-
Notifications
You must be signed in to change notification settings - Fork 9
PCC: questions regarding additional token initialization (PCC Decoder) #33
Description
Hi there!
Thanks for sharing this interesting work. I have a few questions regarding the patch model.
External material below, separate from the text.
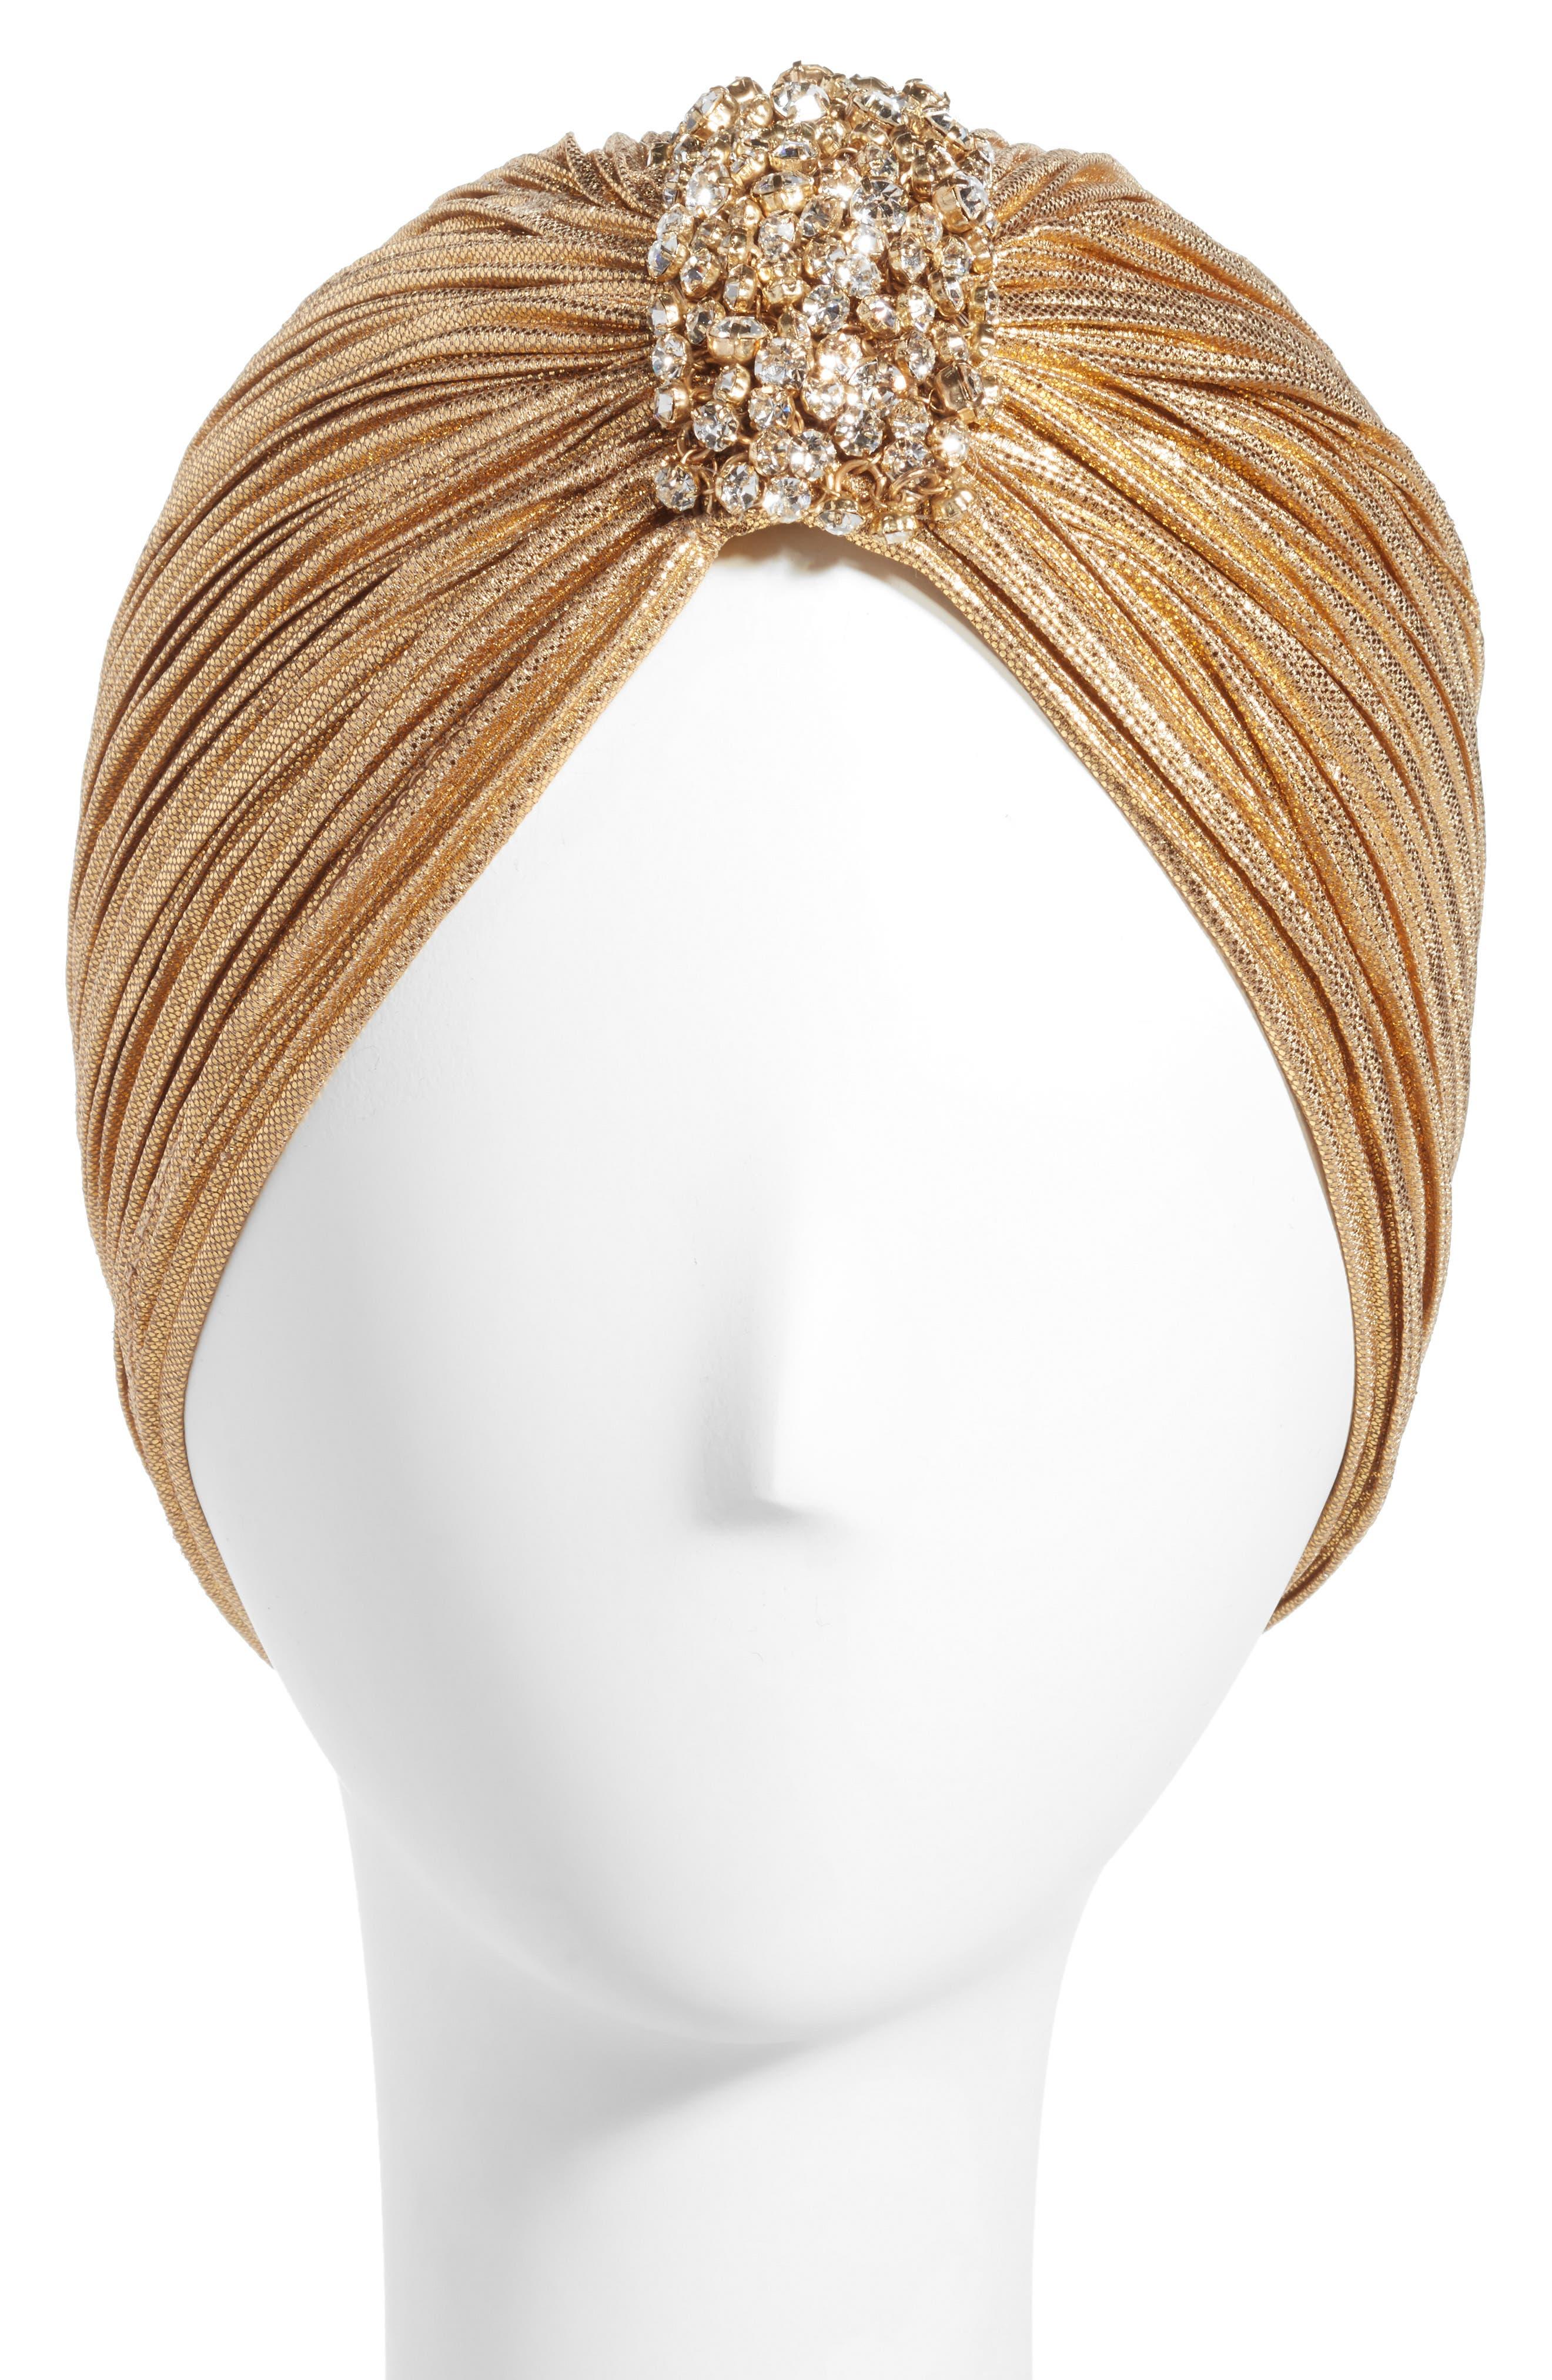 Alternate Image 1 Selected - Tasha Crystal Turban

I implemented the creation script as follows:
NEW_TOKENS = [
'<mem>', # <mem> is the start of a memory block.
'<ae>', # <ae> is the hint for the reconstruction task
'</mem>', # </mem> is the end of a memory block.
]
tokenizer = AutoTokenizer.from_pretrained(base_model_path)
model = AutoModelForCausalLM.from_pretrained(base_model_path, torch_dtype=torch.bfloat16)
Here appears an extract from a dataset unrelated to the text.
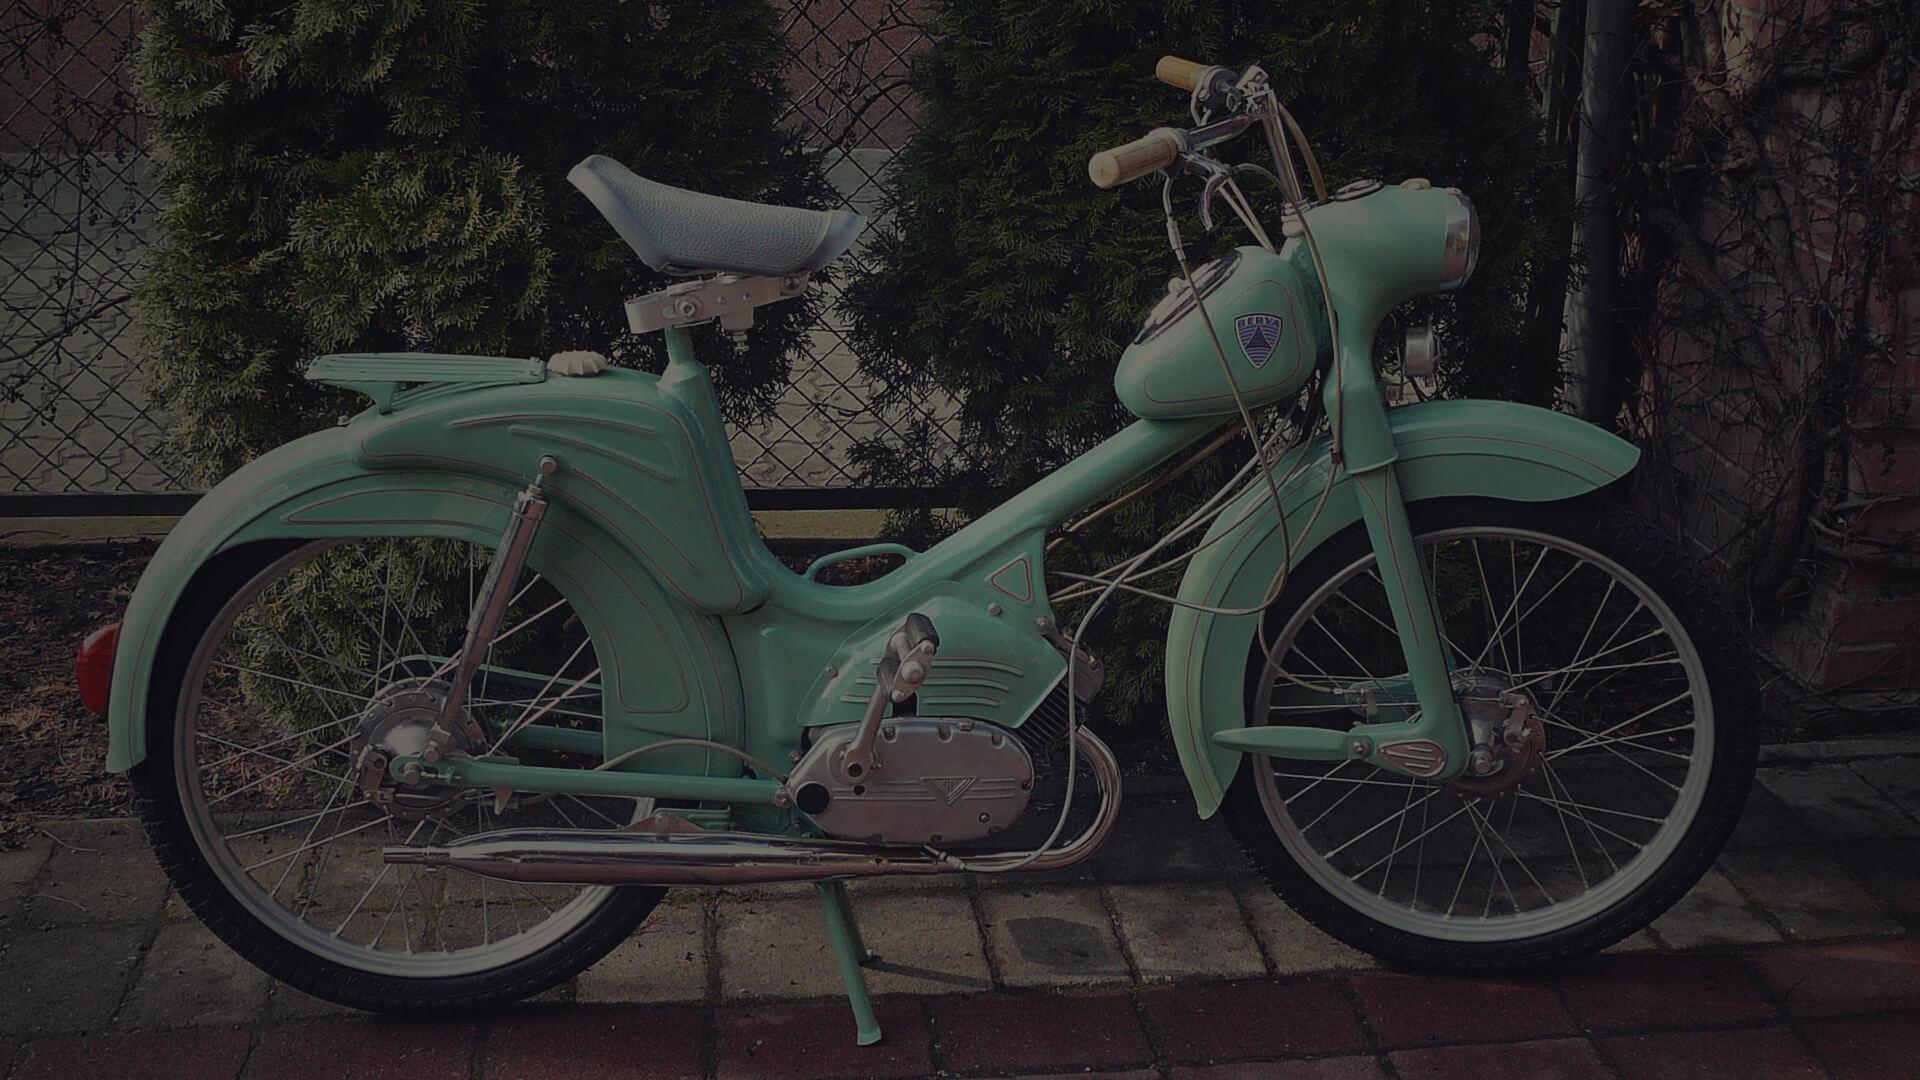 BERVA moped, 49 cc, 1961

num_added = tokenizer.add_special_tokens({
"additional_special_tokens": NEW_TOKENS
})
assert num_added == len(NEW_TOKENS), "Error adding tokens (some tokens already exist!!)."
print(f"Added {num_added} tokens.")
model.resize_token_embeddings(len(tokenizer))
token_ids = tokenizer.convert_tokens_to_ids(NEW_TOKENS)
print("Token IDs:", token_ids)
with torch.no_grad():
input_emb_matrix = model.get_input_embeddings().weight.detach()
lm_head_matrix = model.get_output_embeddings().weight.detach()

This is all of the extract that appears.